#### Assignment
Transcribe exactly the lines below that begin at the line with "Logo, jossa lukee Itä-Suomen ICT-polku." and stop after the line with "Чоловічий светр білий з круглим вирізом", leaving out every picture.

#### Records provided
====

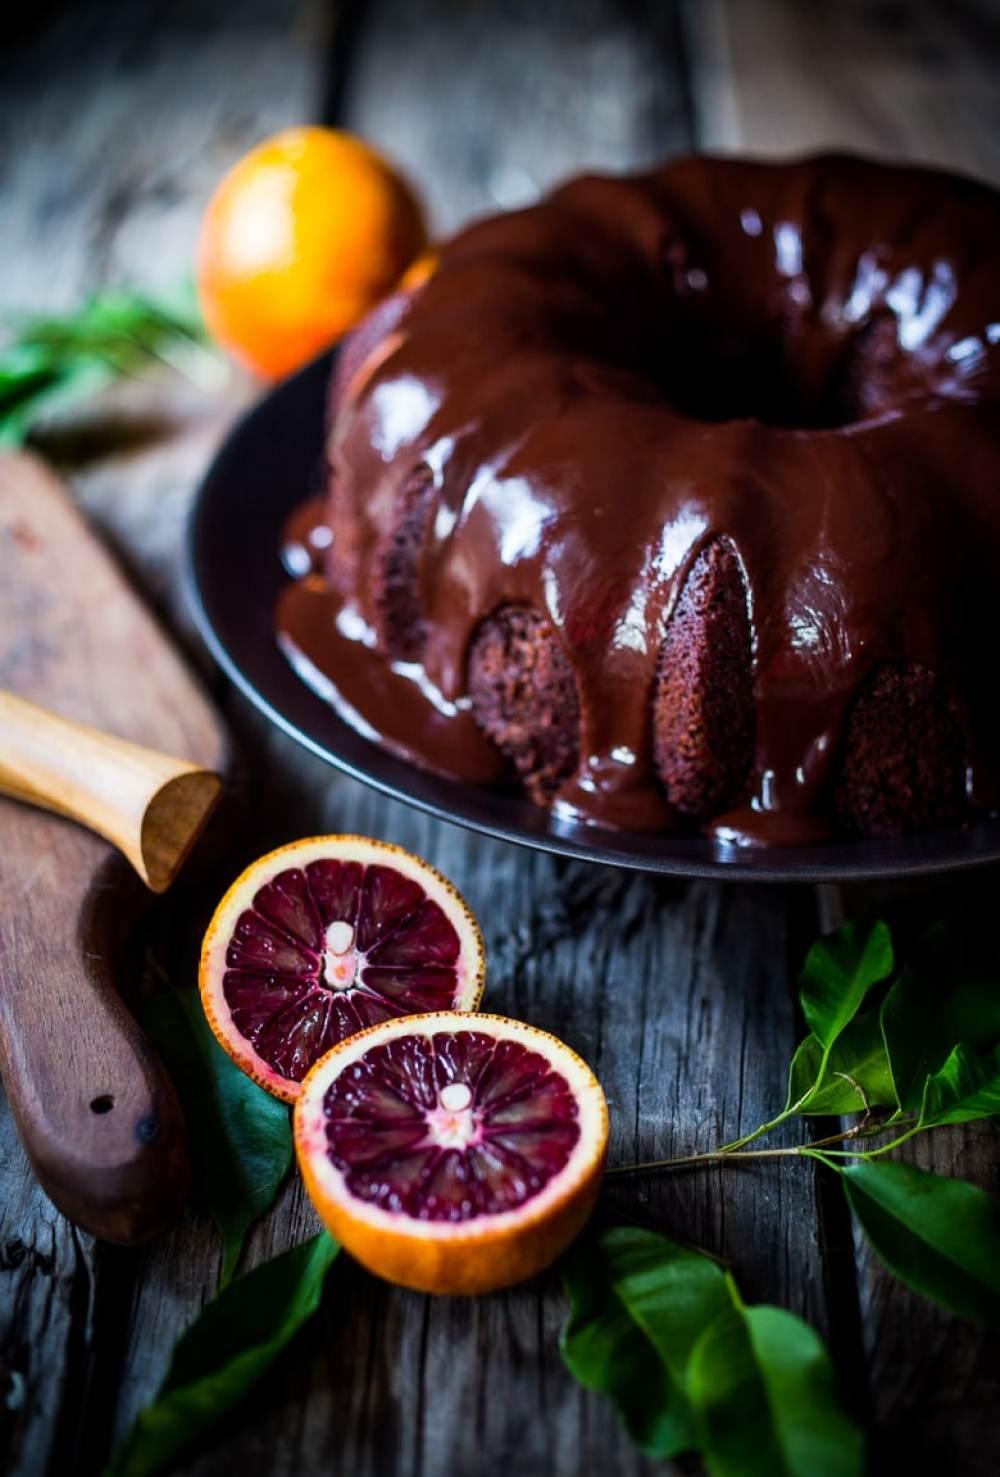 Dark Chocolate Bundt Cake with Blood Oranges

====

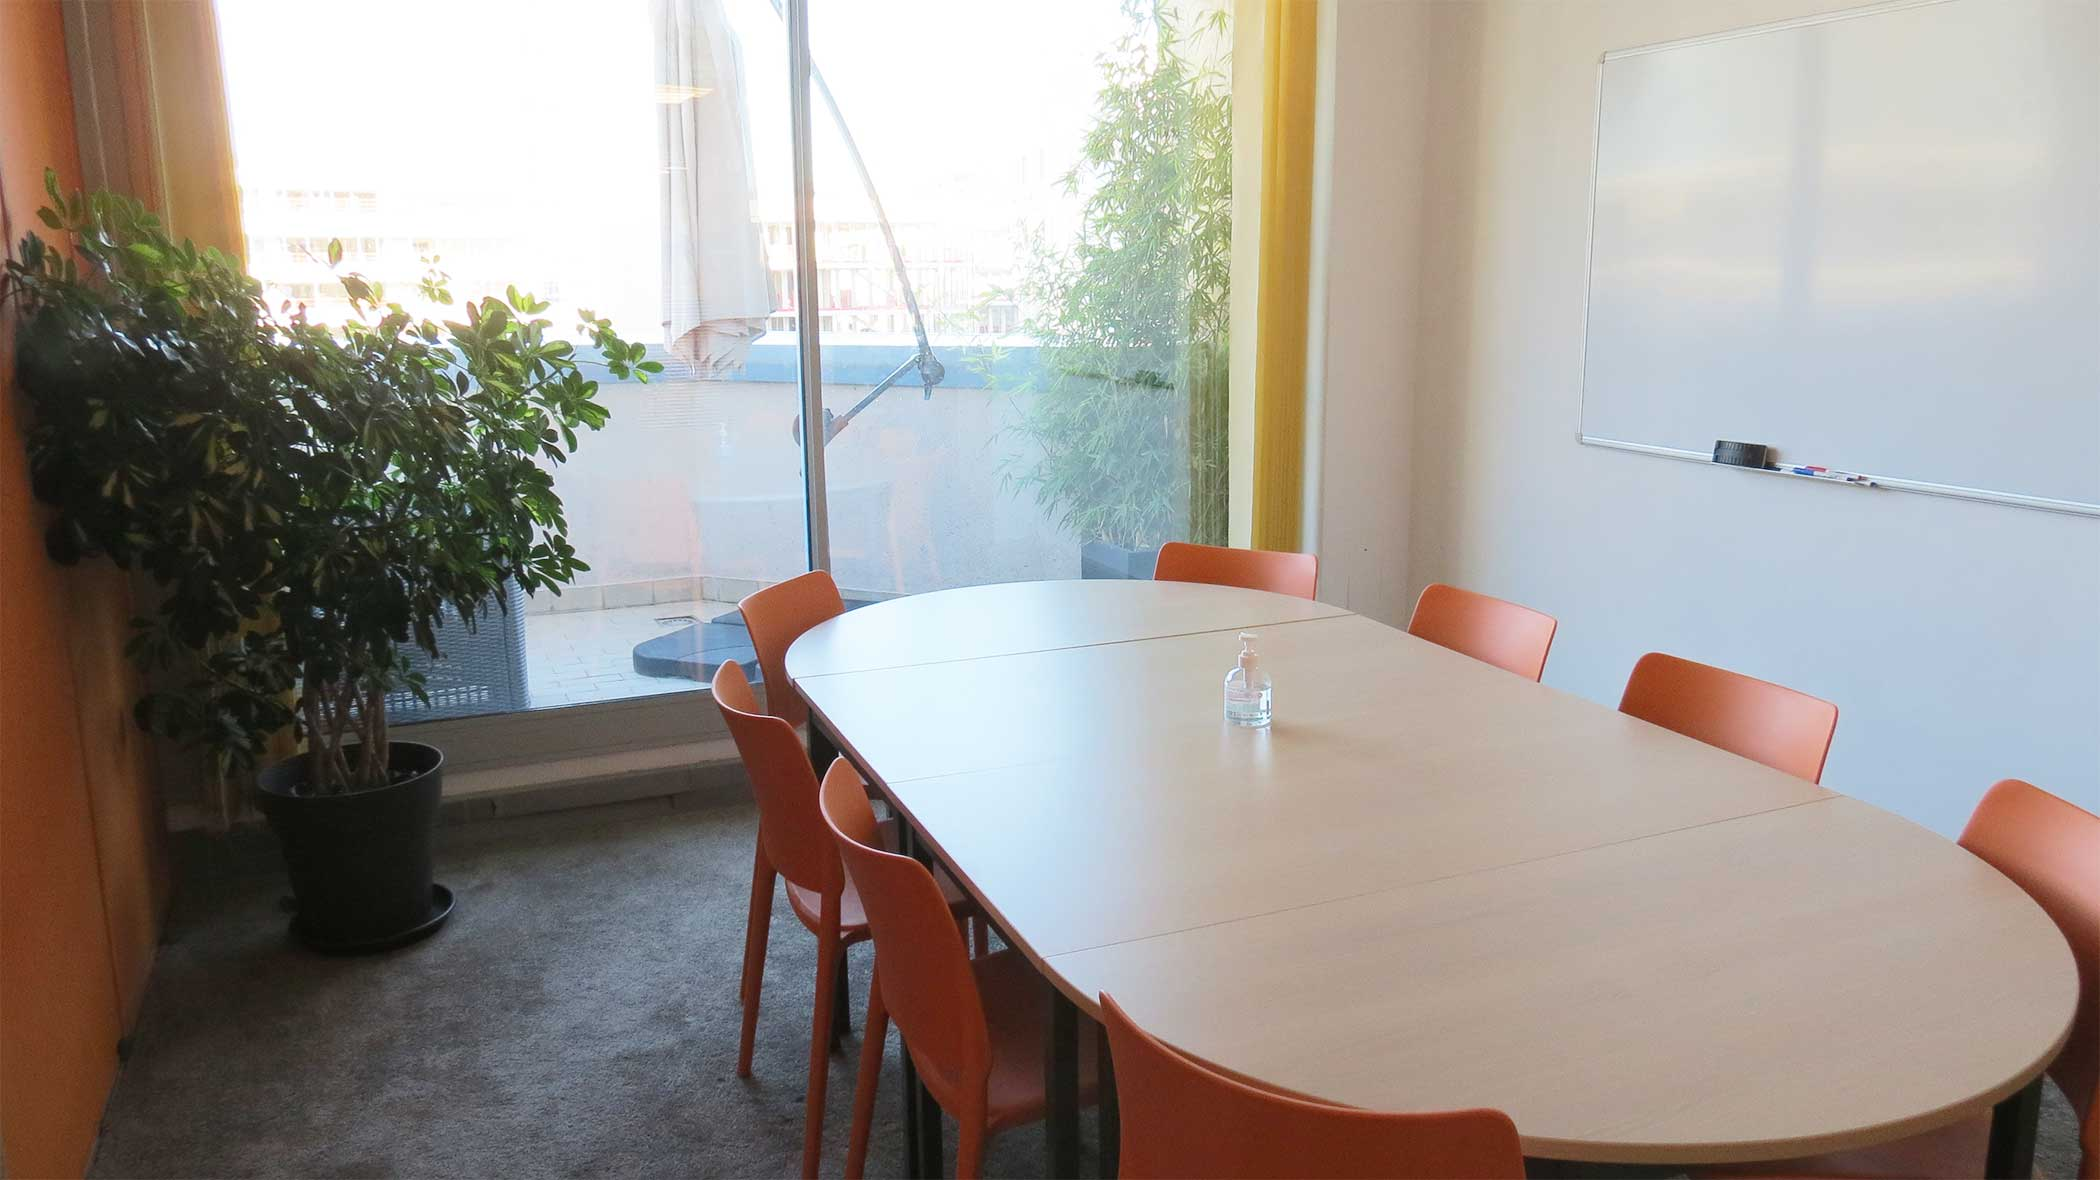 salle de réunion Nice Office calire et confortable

====

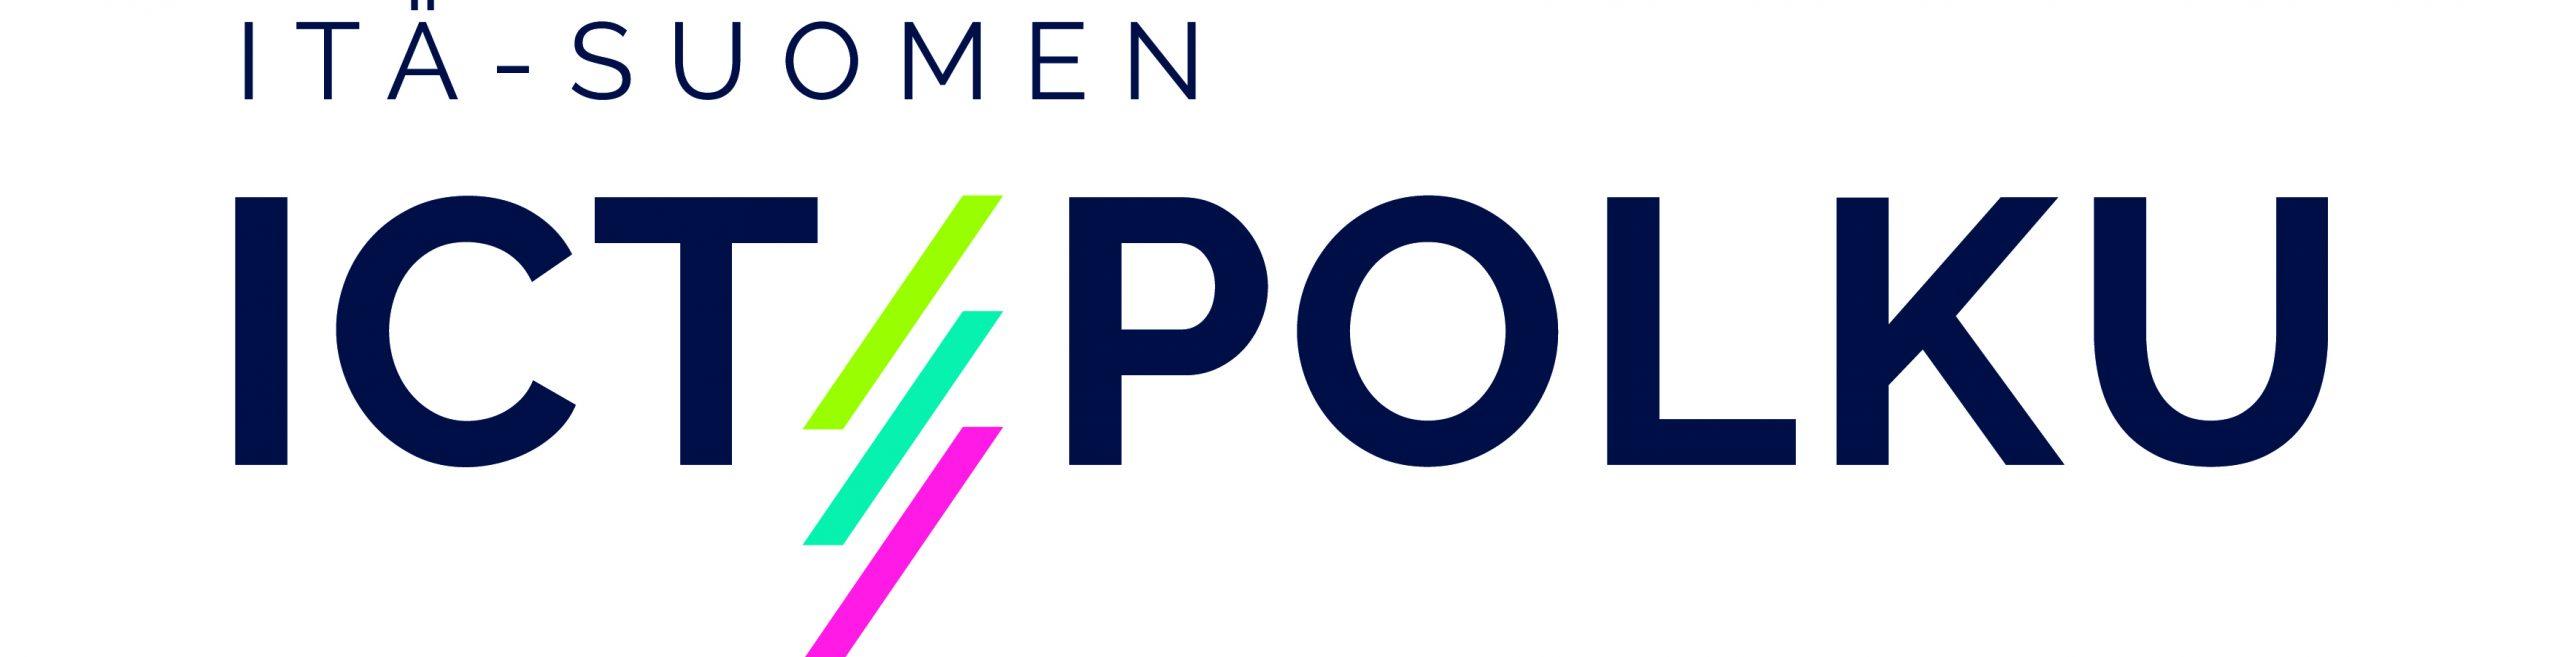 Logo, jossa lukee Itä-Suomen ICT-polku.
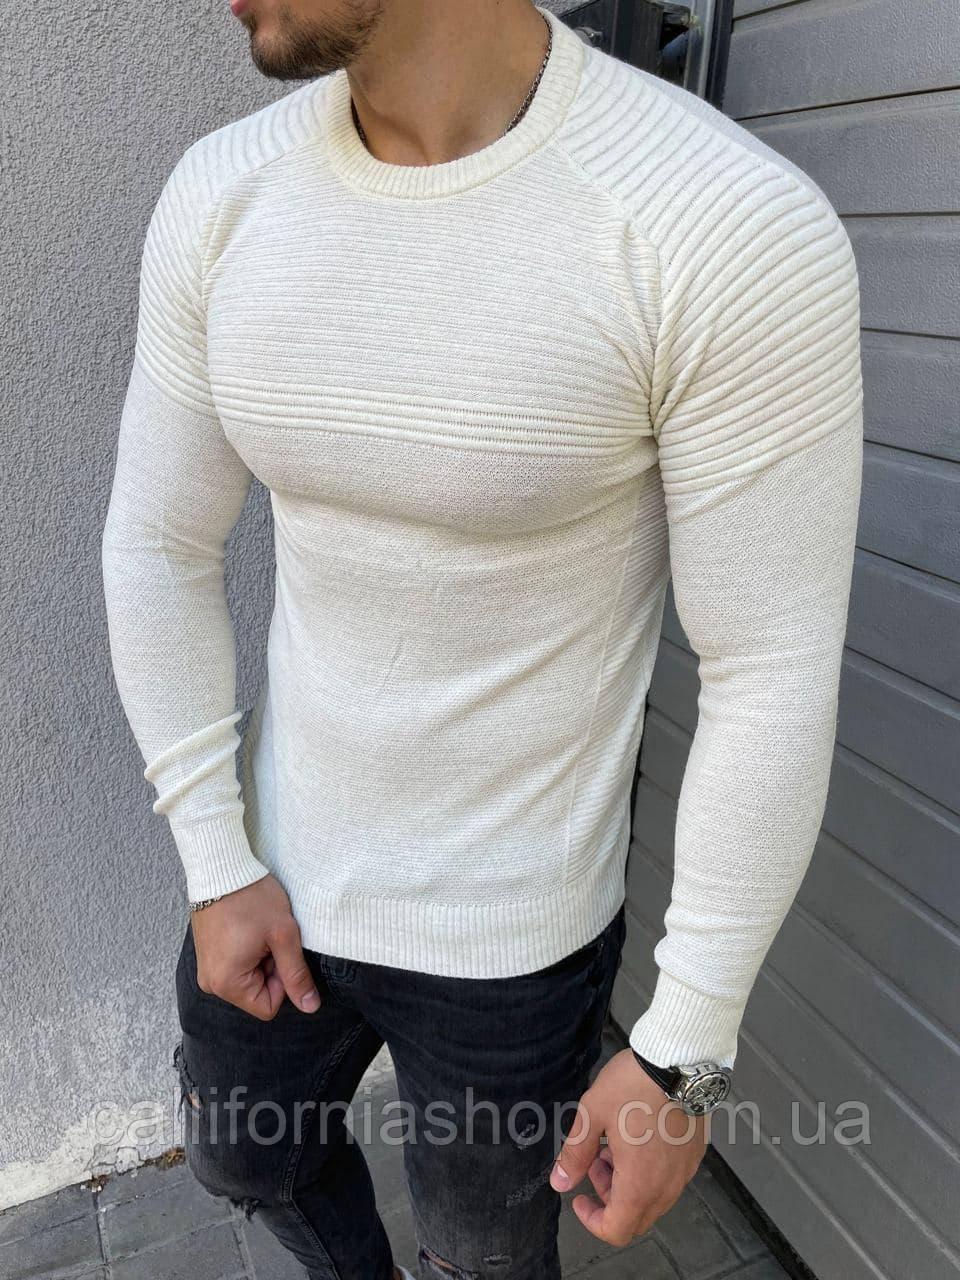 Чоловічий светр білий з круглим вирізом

====

#### Written response
 Logo, jossa lukee Itä-Suomen ICT-polku.
 Чоловічий светр білий з круглим вирізом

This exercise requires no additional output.